The present invention relates to surveillance of proper operation of a digital transmission link using pulse regenerator repeaters and to the location of any possible interruption in such a link. It concerns more particularly remote surveillance and fault location units to be situated in the pulse regenerator repeaters of a digital transmission link.
U.S. Pat. No. 3,987,395 describes a known method of remote surveillance and fault location for surveillance of a digital transmission length and for monitoring, at one of the link terminals, the error rate of the set of pulse regenerator repeaters. The method consists in applying a service signal to the link from the opposite end of the link from that at which the error rates are monitored, the service signal being added to the digital data signals conveyed by the link. The service signal is located outside the passband of the pulse regenerator repeaters and is relayed at each pulse regenerator repeater by special circuits referred to as remote surveillance and fault location units. The service signal is constituted by a low frequency carrier modulated by a very low frequency binary signal and is formed by a repetitive frame comprising a synchronising word which is usually generated at the said opposite end of the link from that where the surveillance takes place, followed by time slots in which each remote surveillance and fault locating unit inserts in turn, when it is relaying the service signal around its own pulse repeater regenerator, data significant of the error rates measured at each location along the link. The frame synchronising word may also be generated at a pulse regenerator repeater in the event that the service signal no longer reaches the repeater from further upstream. This makes it possible to locate the break in the link from the end under surveillance by counting the number of occupied time slots in the incomplete frames which arise at said end.

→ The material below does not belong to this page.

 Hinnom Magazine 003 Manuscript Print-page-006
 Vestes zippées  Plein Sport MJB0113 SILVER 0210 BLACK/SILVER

Remote surveillance and pulse location units equipping the pulse regenerator repeaters of such a digital transmission link receive the service signal from the pulse regenerator repeater located immediately upstream therefrom with respect of the direction of transmission towards the end at which surveillance is performed. The units demodulate the service signal to extract the frame, add data representative of the error rates of their own pulses regenerator repeaters thereto and re-transmit the service signal towards the next pulse regenerator repeater situated immediately downstream therefrom. The aim of the present invention is to provide the above-mentioned functions by means of a circuit of simple structure suitable for implementation in the form of an integrated circuit, and which is adapted for use in pulse regenerator repeaters of a digital transmission link.